An organisation with a charitable purpose that is critical of the government may lose its DGR status. An organisation whose main purpose is charitable may be allowed to get away with some political lobbying if it is a minor and ancillary aspect of their work (though the scope of this concession can vary from time to time and government to government).
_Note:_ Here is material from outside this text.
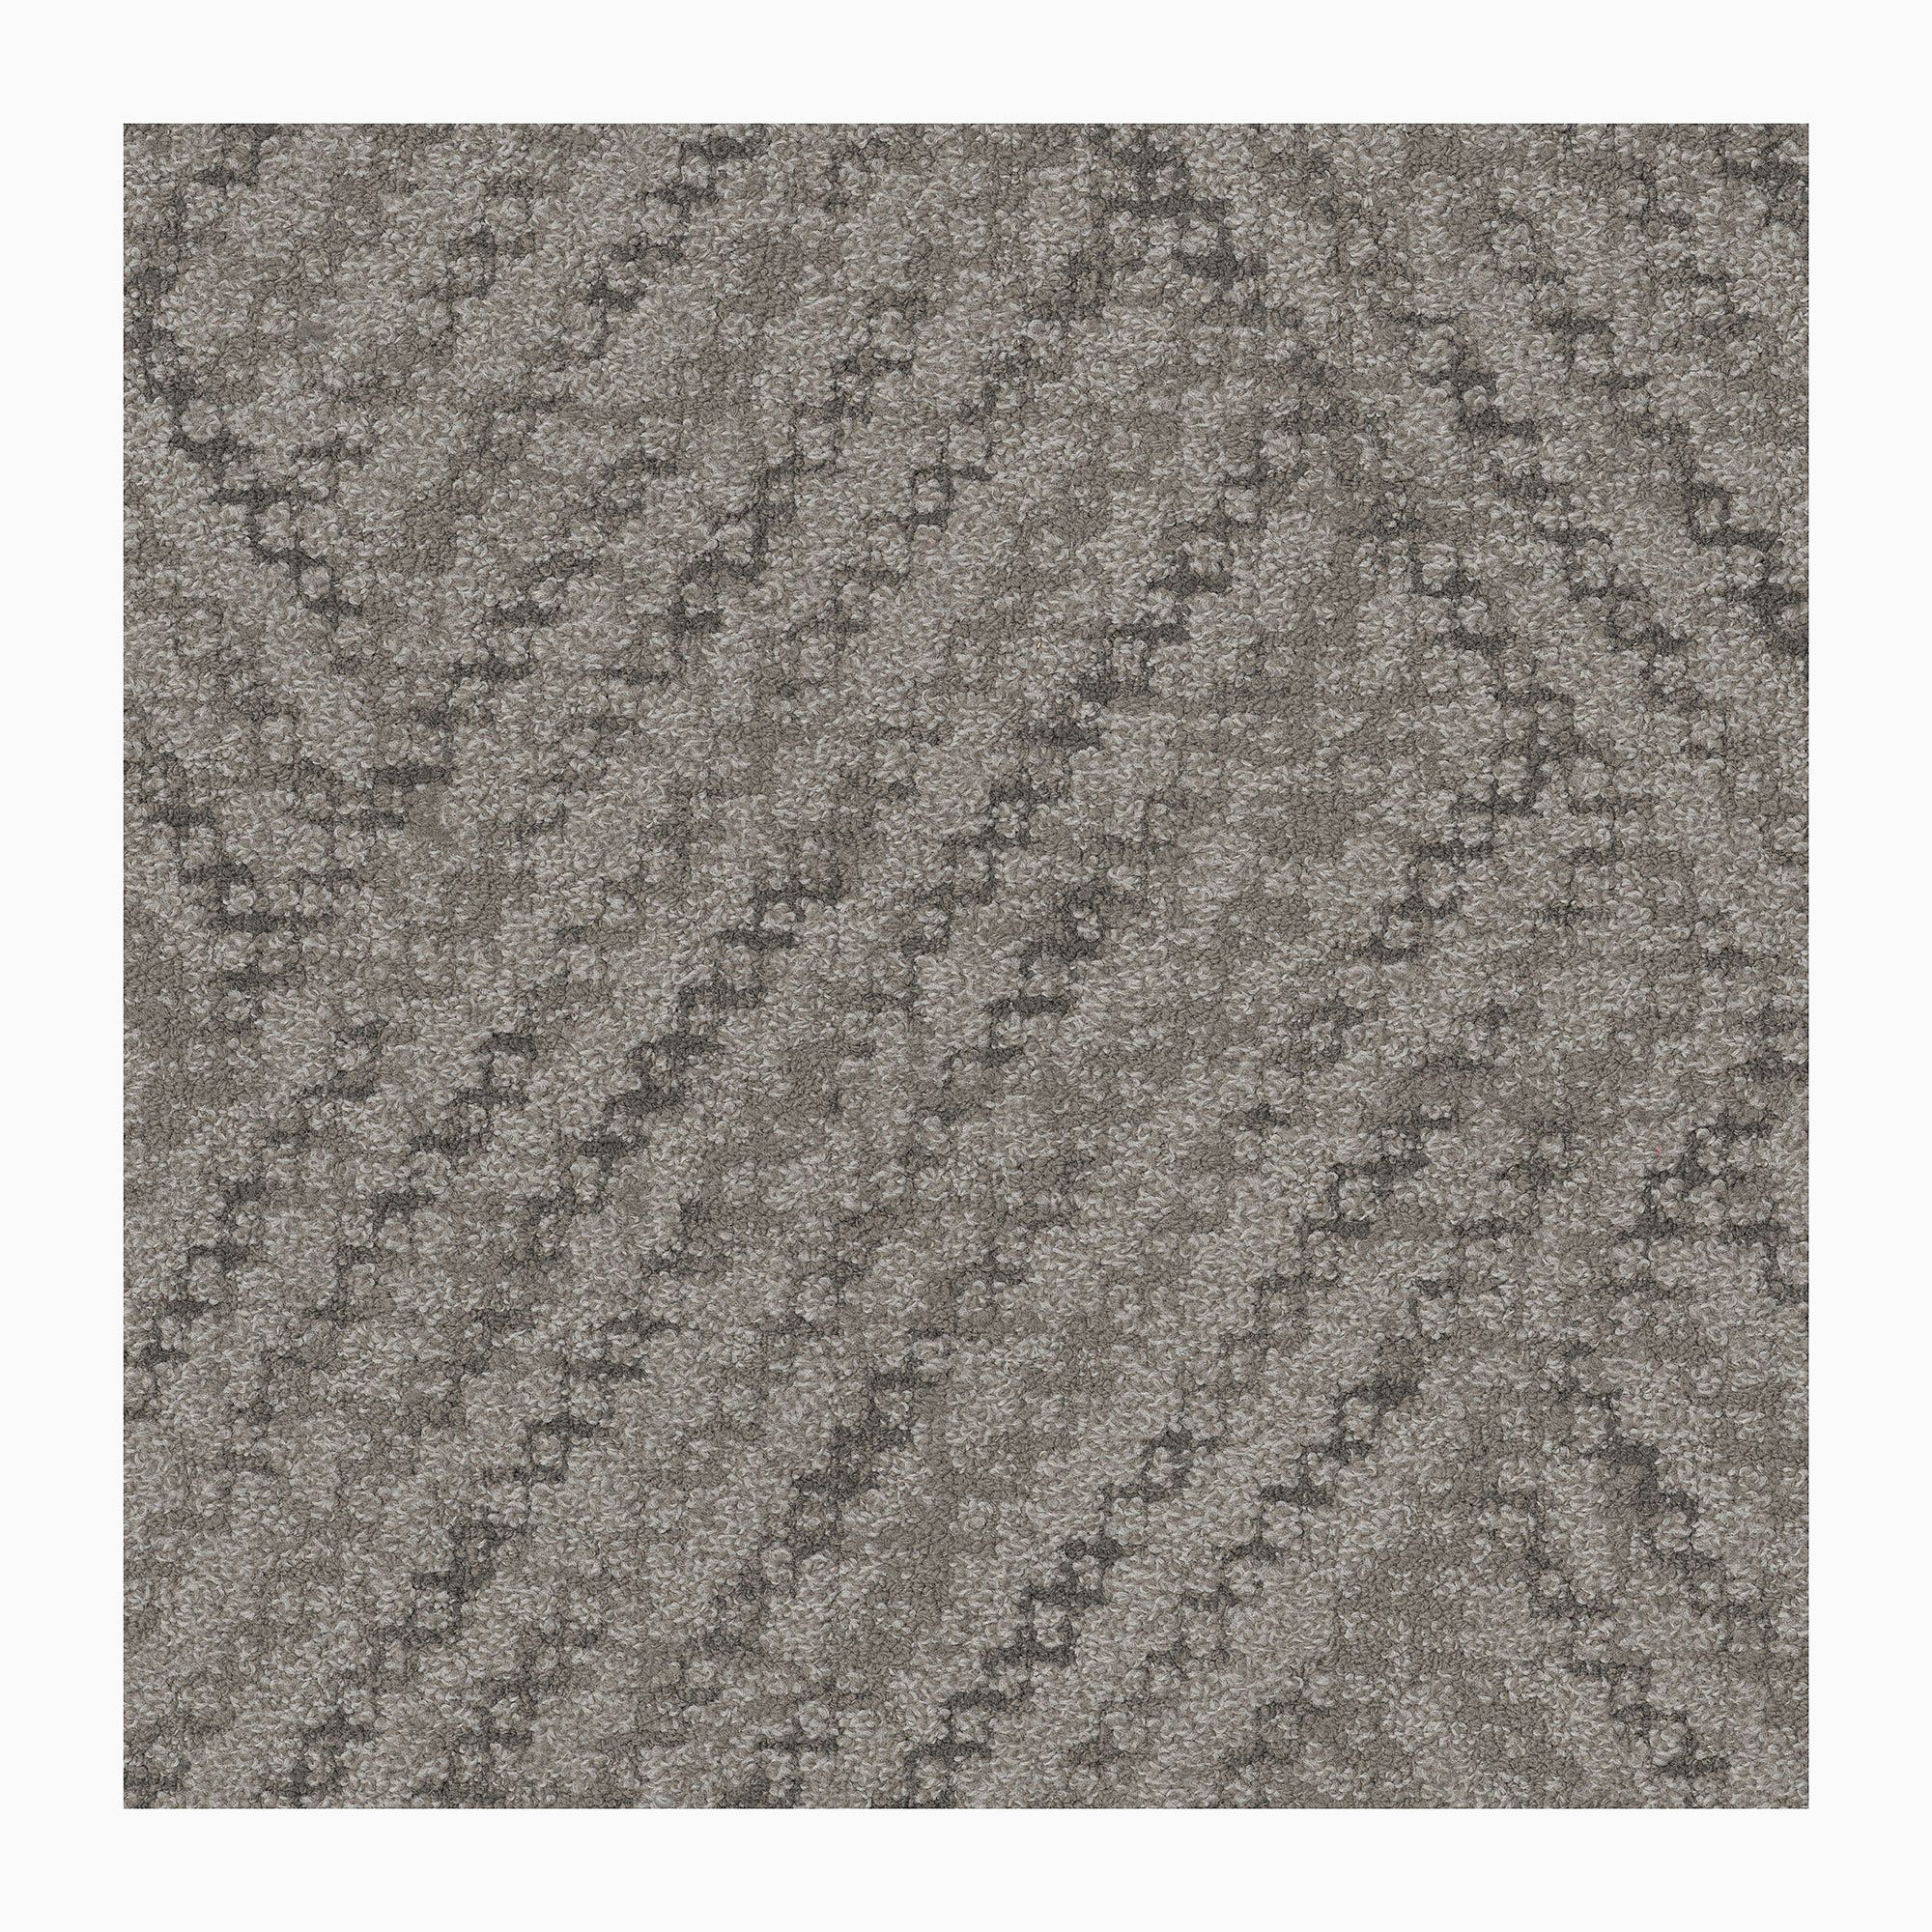 Chisel Carpet Tile by Shaw Contract | West Elm

However, trying to influence the government is not considered a charitable purpose under the spirit and intendment of the government of Elizabeth.

 

CASE STUDY: Aid/Watch

Aid/Watch is an independent membership-based organisation founded in 1993. Its stated purpose is to act as a watchdog on aid, trade and debt, working with communities in the global south. To fulfil this mission, it researches, monitors and campaigns about overseas aid programs run by the Australian Government. Aid/Watch was fully endorsed as a charitable institution with DGR status. But in 2006, according to the ATO, Aid/Watch engaged in “political” activities. The ATO withdrew its DGR status. The “political” activities included campaigning the government to put pressure on the Burmese regime and raising concerns about the developmental impacts of the US-Australia Free Trade Agreement.

 

Aid/Watch won special leave to appeal to the High Court. The High Court heard the appeal in June, but, at the date of publishing, has yet to hand down its decision.

 

In May 2010, a Private Members Bill (The Tax Laws Amendment Bill (Public Benefit Test)) was introduced by Senator Nick Xenophon. If passed, the Bill, which is being considered at a Senate Economics Legislation Committee hearing, would require religious and charitable institutions to meet a ‘public benefit test’ to justify their exemption from taxation. In his second reading speech to Parliament, Senator Xenophon said the Bill was designed to ensure re- examination of the tax-exempt status of the Church of Scientology.

 

Philanthropy Australia CEO Gina Anderson says the Bill could result in all DGR-endorsed organisations having to prove public benefit, potentially on an annual basis, in order to retain their status. She says the result would also add an administrative and resource cost to the Australian Taxation Office, with the potential cost of an appeal mechanism for disallowed charities that may pass into the court system.

 

Over in the UK, the Charities Commission has been requiring church-run schools and hospitals and care facilities to cater for the needs of the public, as opposed to the wishes of the trustees: some private schools, for example, have been told to give out more scholarships, or to share facilities with other less well provided for local schools, if they wish to keep their charitable status.

 

Back home, that’s not necessary; as a spokesman for the Australian Catholic Bishops Conference told the Senate inquiry, "Caring for rich people is as charitable as caring for poor people…. It's not so much the wealth of the people that you are looking after, it's whether those you are looking after are other than yourself, that's the test of charity."